Start of Block
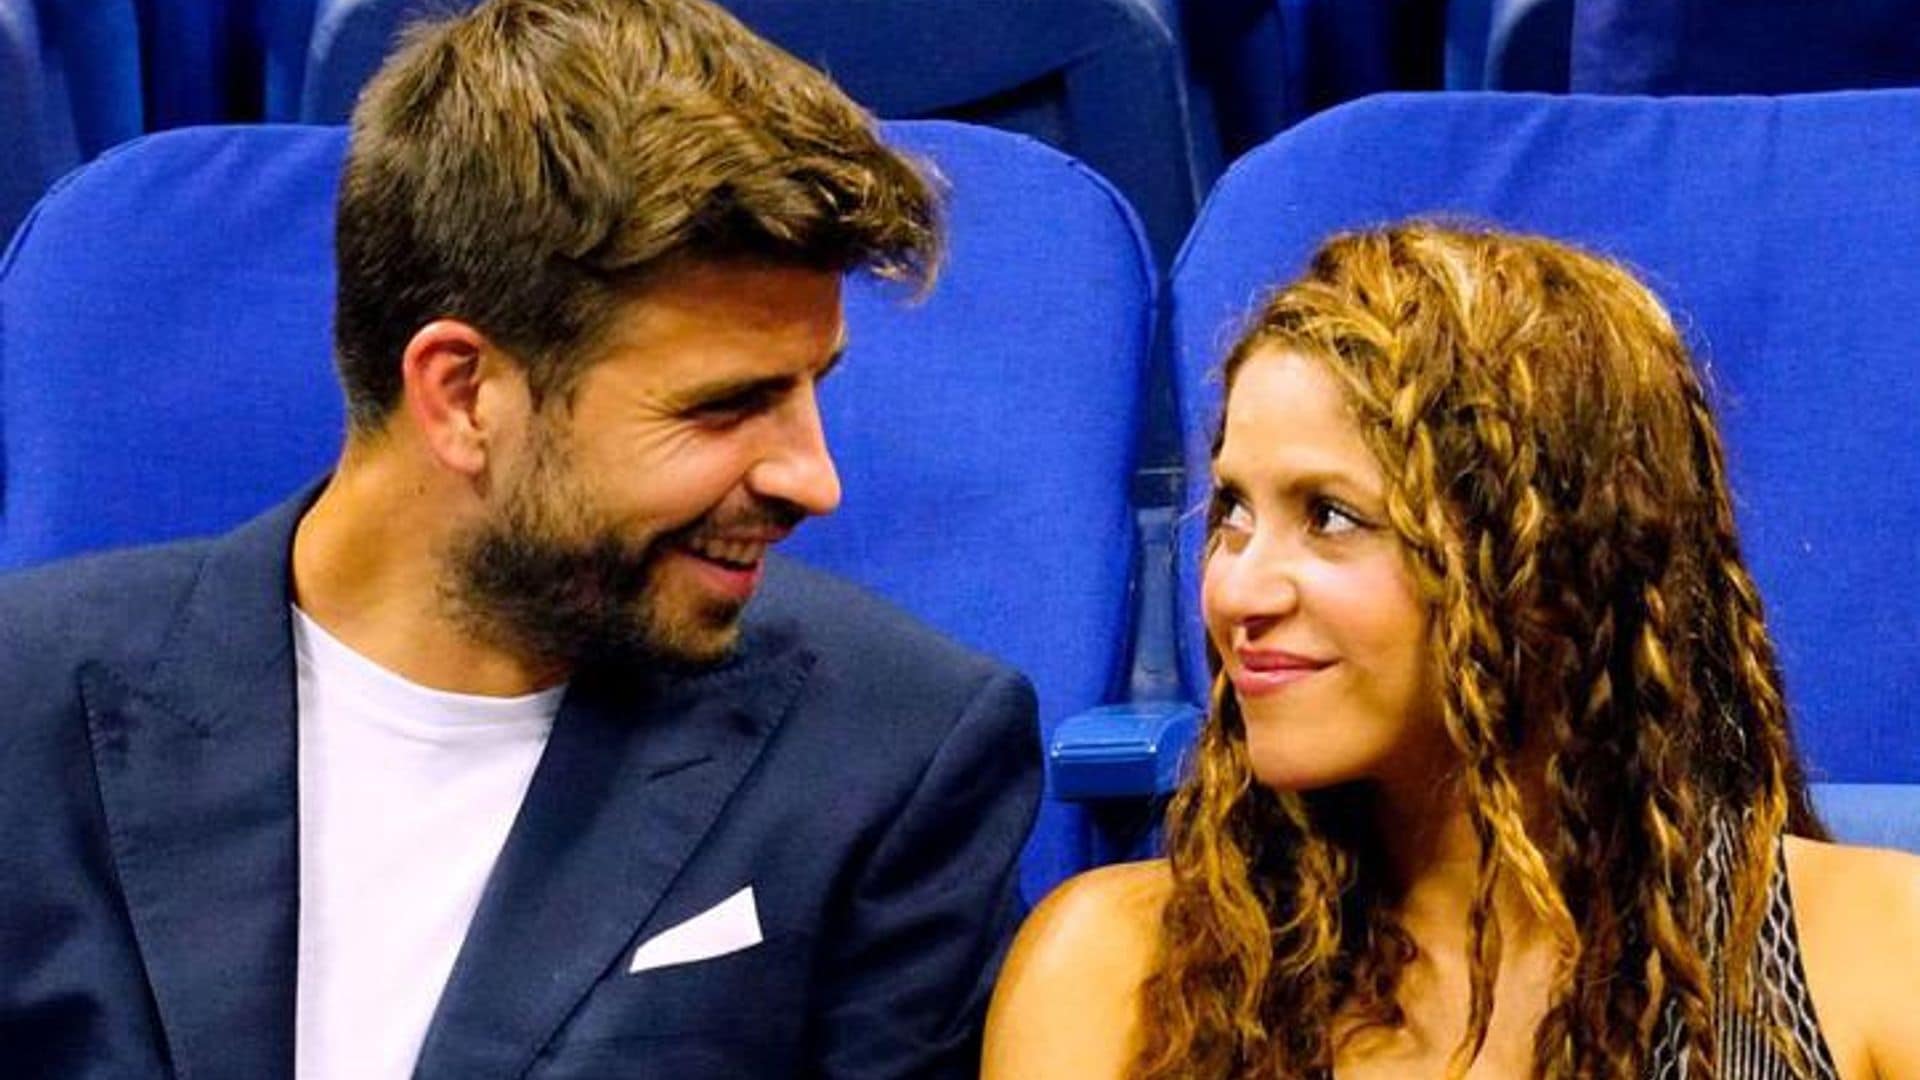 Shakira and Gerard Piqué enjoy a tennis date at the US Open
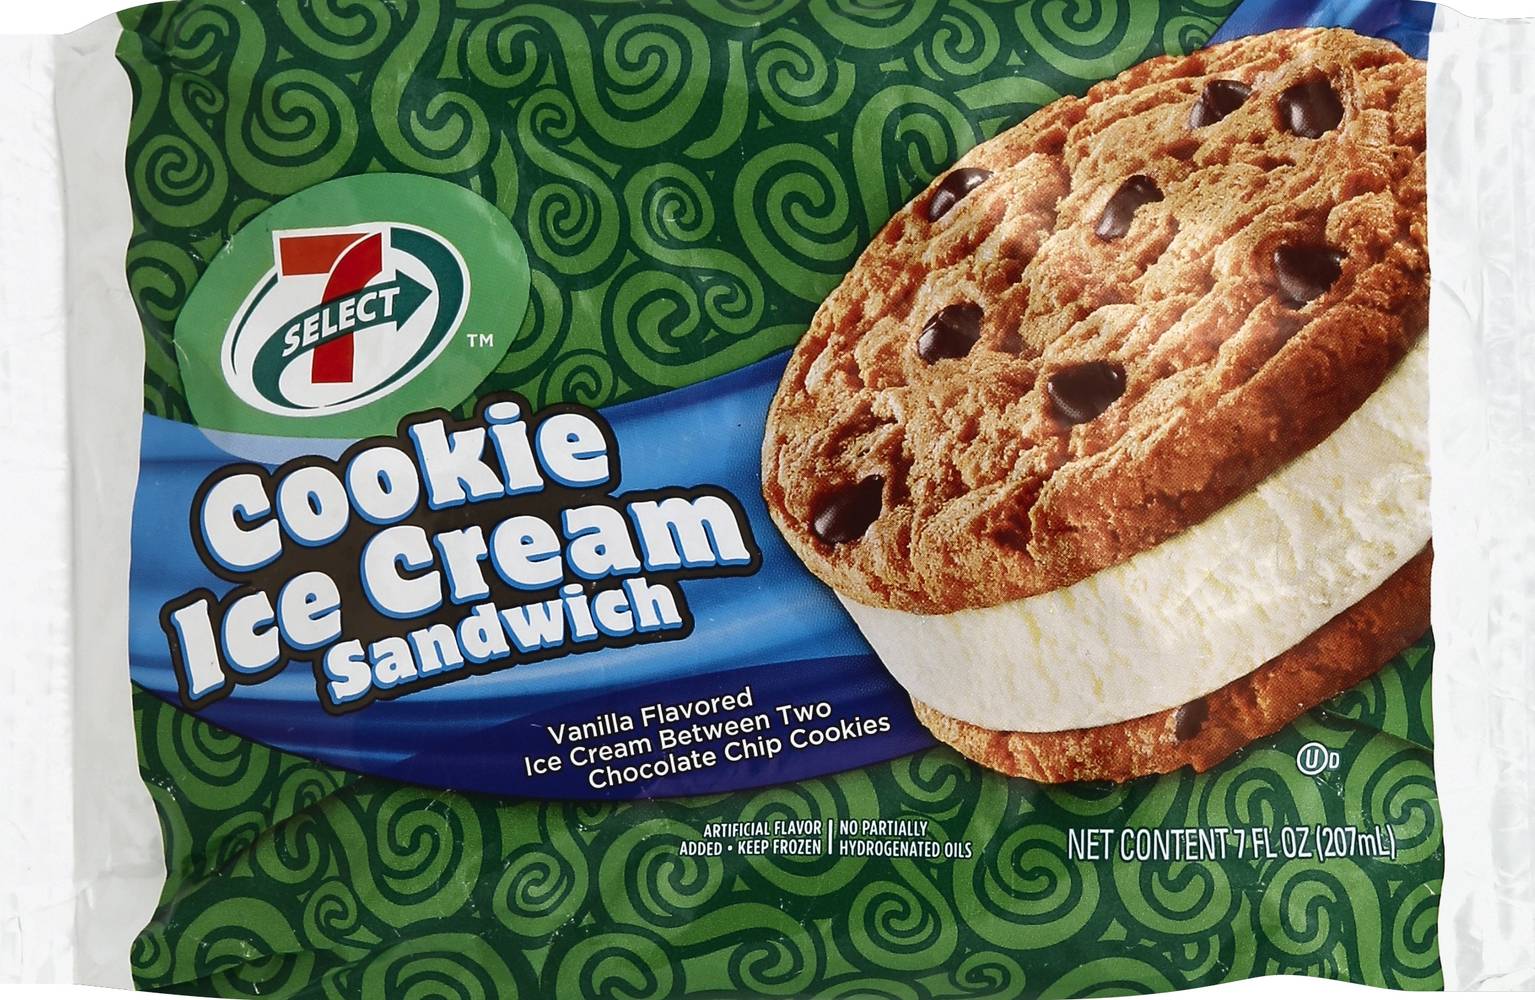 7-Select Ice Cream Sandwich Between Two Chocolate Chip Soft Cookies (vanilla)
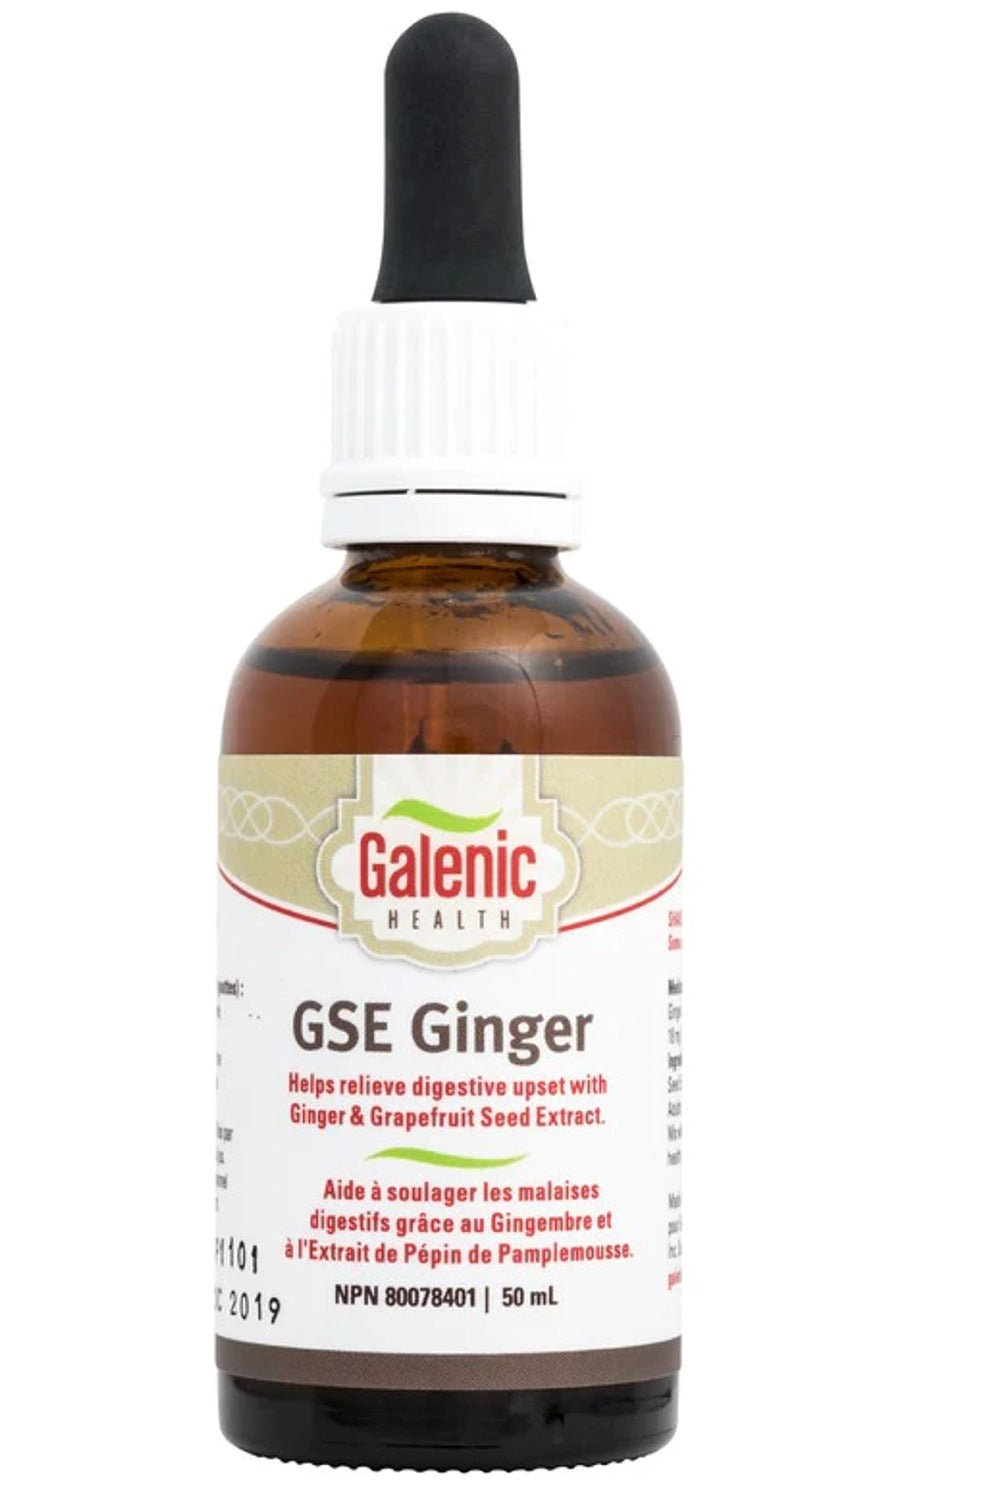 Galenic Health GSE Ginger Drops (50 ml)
End of Block
_EXERCISE:_
The full material above must be output verbatim, minus any pictures.

_ANSWER BOX:_
 Shakira and Gerard Piqué enjoy a tennis date at the US Open
 7-Select Ice Cream Sandwich Between Two Chocolate Chip Soft Cookies (vanilla)
 Galenic Health GSE Ginger Drops (50 ml)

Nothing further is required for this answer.